Torah for Today: What does the Torah say about… Estranged wives?

Ariel Abel is rabbi of the Liverpool Old Hebrew Congregation

by Rabbi Ariel AbelTorah-For-Today-300x206

Newspapers recently carried the story of Joy Williams, a 69-year-old grandmother, who co-habited with her partner, Norman Martin. Mr Martin recently died, and his ex-wife, who never accepted the divorce he gave her, is now claiming the bungalow that Joy calls home. What does the Torah say about this?

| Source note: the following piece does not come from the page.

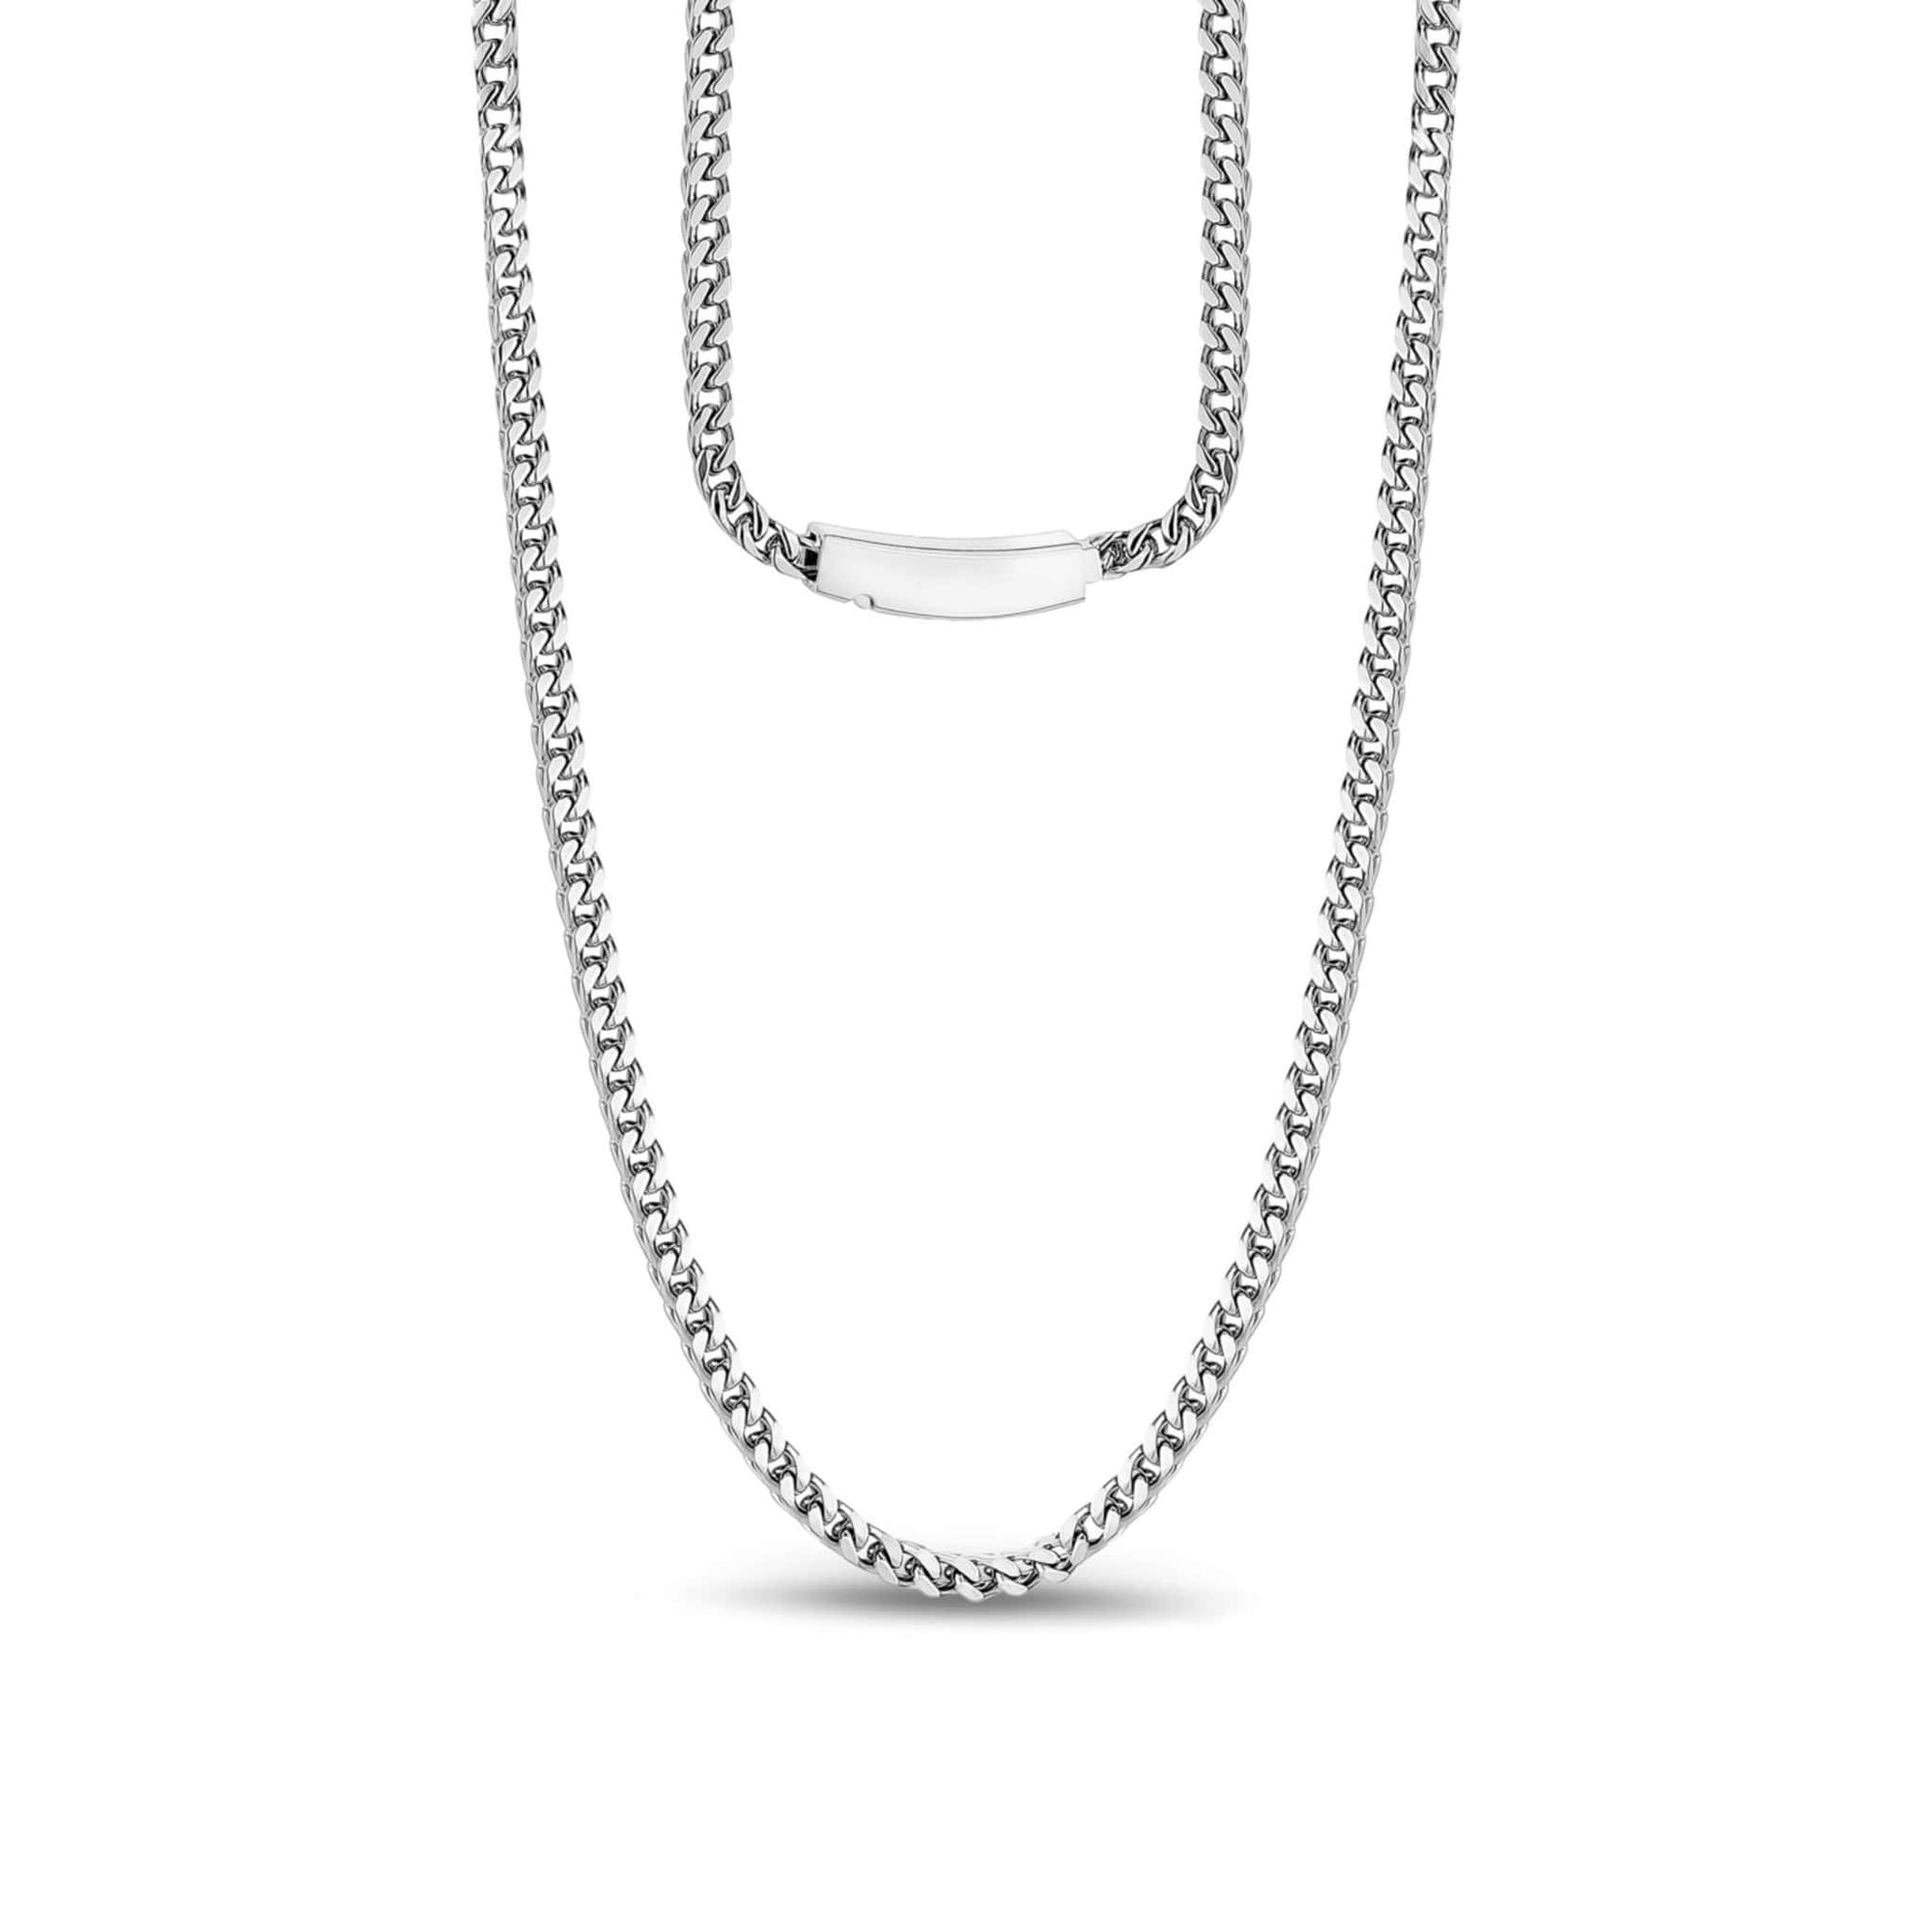 3mm Stainless Steel Franco Link Necklace at Arman's Jewellers

The Torah recognises divorce as a clean cut between two individuals no longer suitable to live together. If a woman refuses to accept a Get, the man effectively becomes “chained” to her. In common law, a court can declare an end to the marriage. In Jewish law, only the man is allowed to authorise the divorce. However, in practice, Beth Din courts preside inactively over many “unclaimed” Get bills of divorce which the wife ought to receive but refuses to do so, often to hold out for an even better deal than the courts will agree to, or just out of spite. Equity ought to trump the law in these cases; or else the law should change.

A spousal relationship in Jewish law is based on contract. All financial relationships between the spouses, beyond provision for conjugal rights and subsistence for a limited period where appropriate, ceases when they part company. Clearly, Mrs Williams would have benefited from a will being drawn up. Yet it is clearly inequitable that intestacy rules ignore the fact she has lived in a partnership which the owner of the bungalow has clearly willed. A trust should arise to protect Joy from the vicissitudes of life, particularly where a prolonged period of cohabitation is evidence of Norman’s intention, through his conduct, to benefit her.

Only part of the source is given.